Let’s look for rules with support higher than 0.17, and confidence higher than 0.90.
# creating rules - standard settings
rules.trans1<-apriori(trans1, parameter=list(supp=0.17, conf=0.9))
## Apriori
##
## Parameter specification:
## confidence minval smax arem aval originalSupport maxtime support minlen
## 0.9 0.1 1 none FALSE TRUE 5 0.17 1
## maxlen target ext
## 10 rules TRUE
##
## Algorithmic control:
## filter tree heap memopt load sort verbose
## 0.1 TRUE TRUE FALSE TRUE 2 TRUE
##
## Absolute minimum support count: 23517
##
## set item appearances ...[0 item(s)] done [0.00s].
## set transactions ...[15703 item(s), 138341 transaction(s)] done [5.53s].

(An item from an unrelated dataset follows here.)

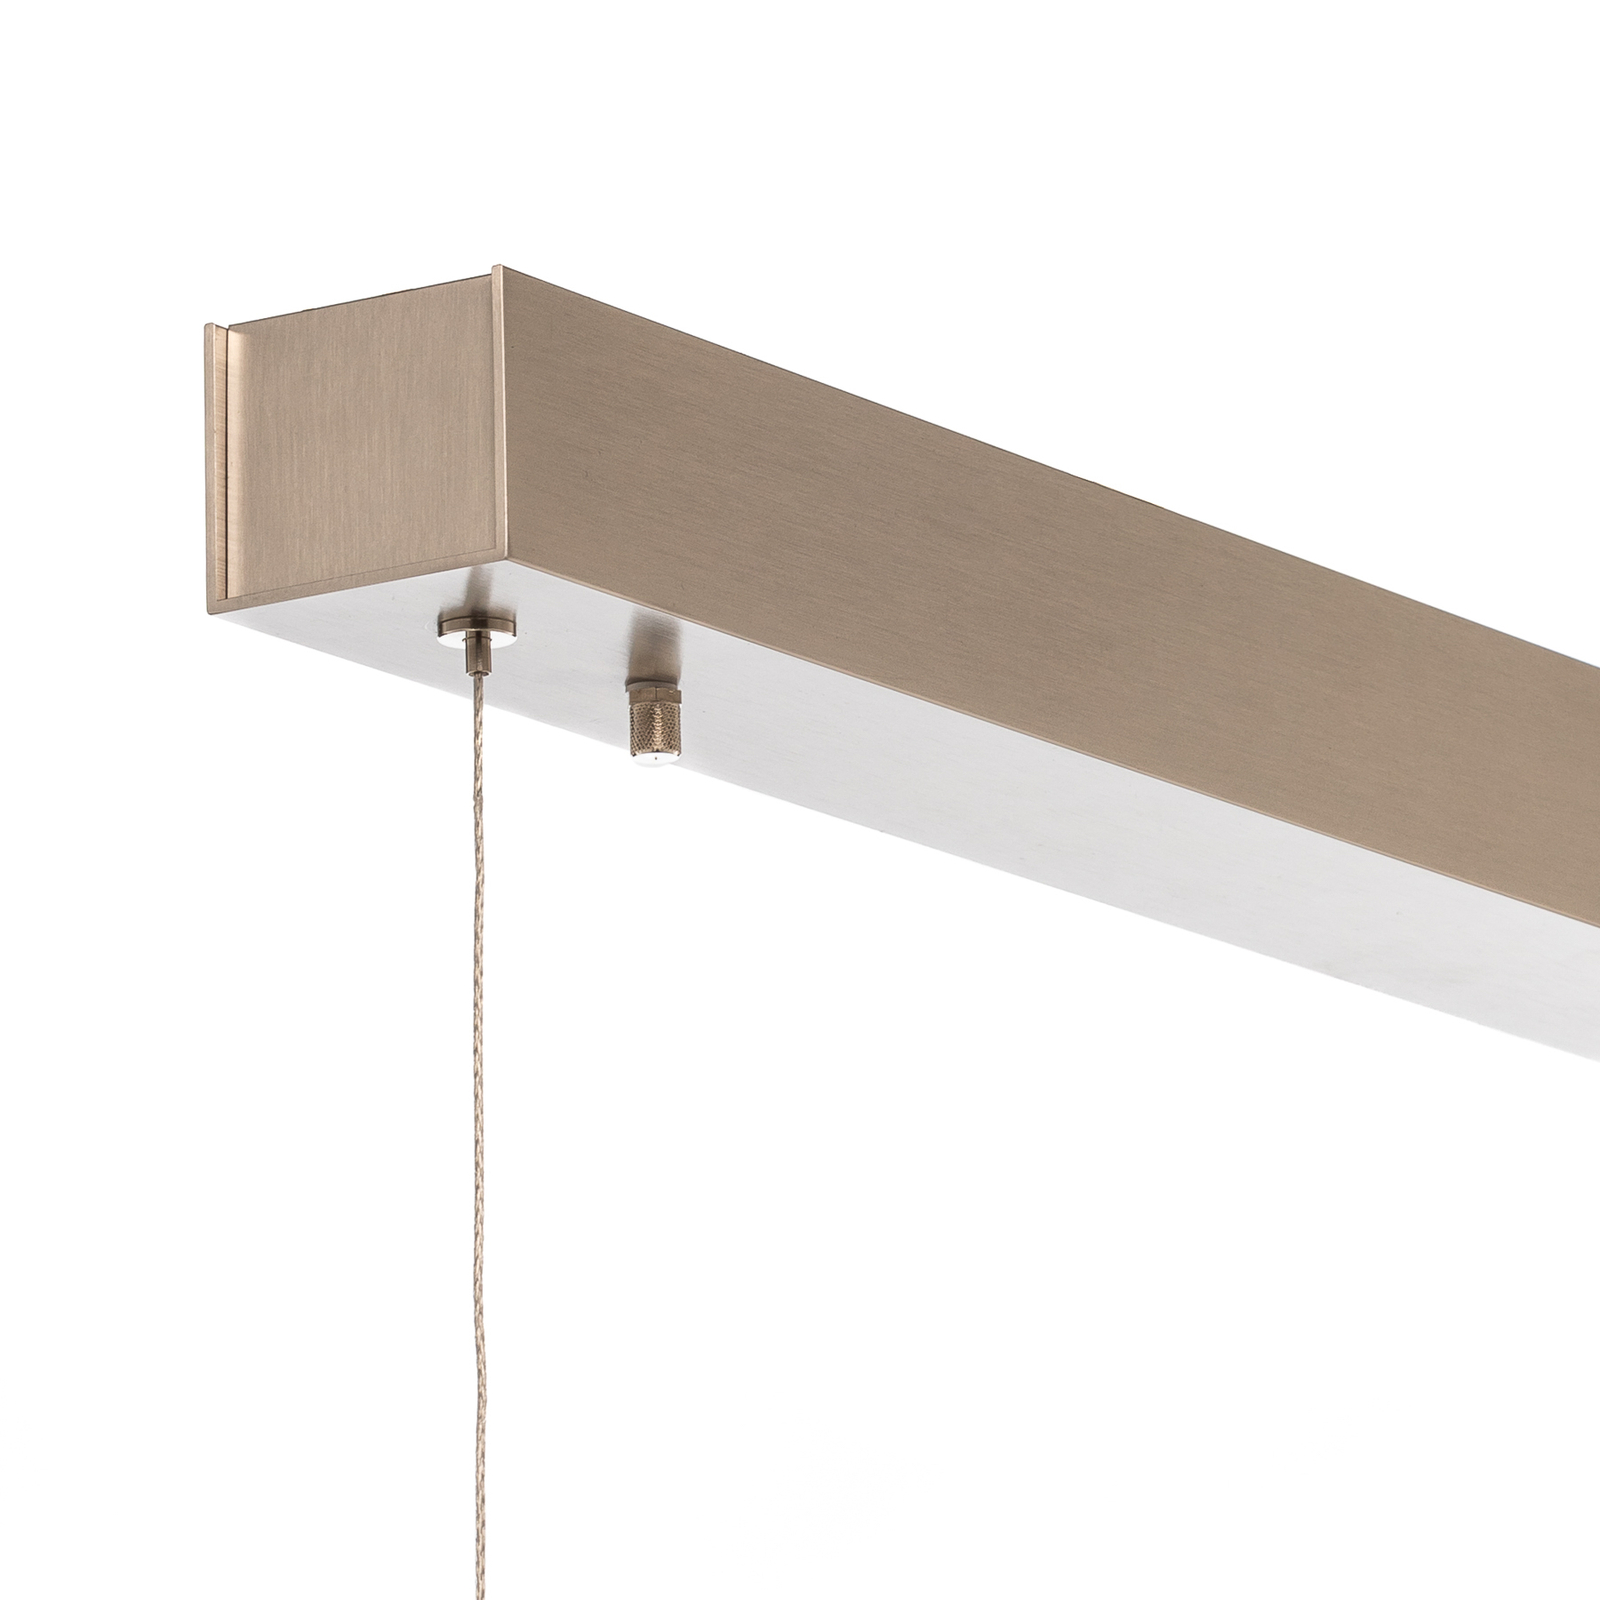 Quitani hanglamp Kiera, eiken/nikkel, 118 cm

## sorting and recoding items ... [60 item(s)] done [0.07s].
## creating transaction tree ... done [0.11s].
## checking subsets of size 1 2 3 4 done [0.20s].

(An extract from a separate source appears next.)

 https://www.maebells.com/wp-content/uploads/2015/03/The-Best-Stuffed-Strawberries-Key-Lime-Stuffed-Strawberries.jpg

## writing ... [2 rule(s)] done [0.00s].
## creating S4 object ... done [0.04s].
One can display the rules and sort them by different measures, such as: confidence, lift, count and support.
rules.by.conf<-sort(rules.trans1, by="confidence", decreasing=TRUE)
inspect(head(rules.by.conf))
## lhs rhs support confidence coverage lift count
## [1] {Lord of the Rings: The Return of the King, The (2003),
## Lord of the Rings: The Two Towers, The (2002)} => {Lord of the Rings: The Fellowship of the Ring, The (2001)} 0.1738458 0.9488677 0.1832139 3.788378 24050
## [2] {Lord of the Rings: The Fellowship of the Ring, The (2001),
## Lord of the Rings: The Return of the King, The (2003)} => {Lord of the Rings: The Two Towers, The (2002)} 0.1738458 0.9284280 0.1872475 4.095522 24050
# sorting rules by lift
rules.by.lift<-sort(rules.trans1, by="lift", decreasing=TRUE) # sorting by lift
inspect(head(rules.by.lift))
## lhs rhs support confidence coverage lift count
## [1] {Lord of the Rings: The Fellowship of the Ring, The (2001),
## Lord of the Rings: The Return of the King, The (2003)} => {Lord of the Rings: The Two Towers, The (2002)} 0.1738458 0.9284280 0.1872475 4.095522 24050
## [2] {Lord of the Rings: The Return of the King, The (2003),
## Lord of the Rings: The Two Towers, The (2002)} => {Lord of the Rings: The Fellowship of the Ring, The (2001)} 0.1738458 0.9488677 0.1832139 3.788378 24050
# sorting rules by count
rules.by.count<- sort(rules.trans1, by="count", decreasing=TRUE) # sorting by count
inspect(head(rules.by.count))
## lhs rhs support confidence coverage lift count
## [1] {Lord of the Rings: The Return of the King, The (2003),
## Lord of the Rings: The Two Towers, The (2002)} => {Lord of the Rings: The Fellowship of the Ring, The (2001)} 0.1738458 0.9488677 0.1832139 3.788378 24050
## [2] {Lord of the Rings: The Fellowship of the Ring, The (2001),
## Lord of the Rings: The Return of the King, The (2003)} => {Lord of the Rings: The Two Towers, The (2002)} 0.1738458 0.9284280 0.1872475 4.095522 24050
# sorting by support
rules.by.supp<-sort(rules.trans1, by="support", decreasing=TRUE)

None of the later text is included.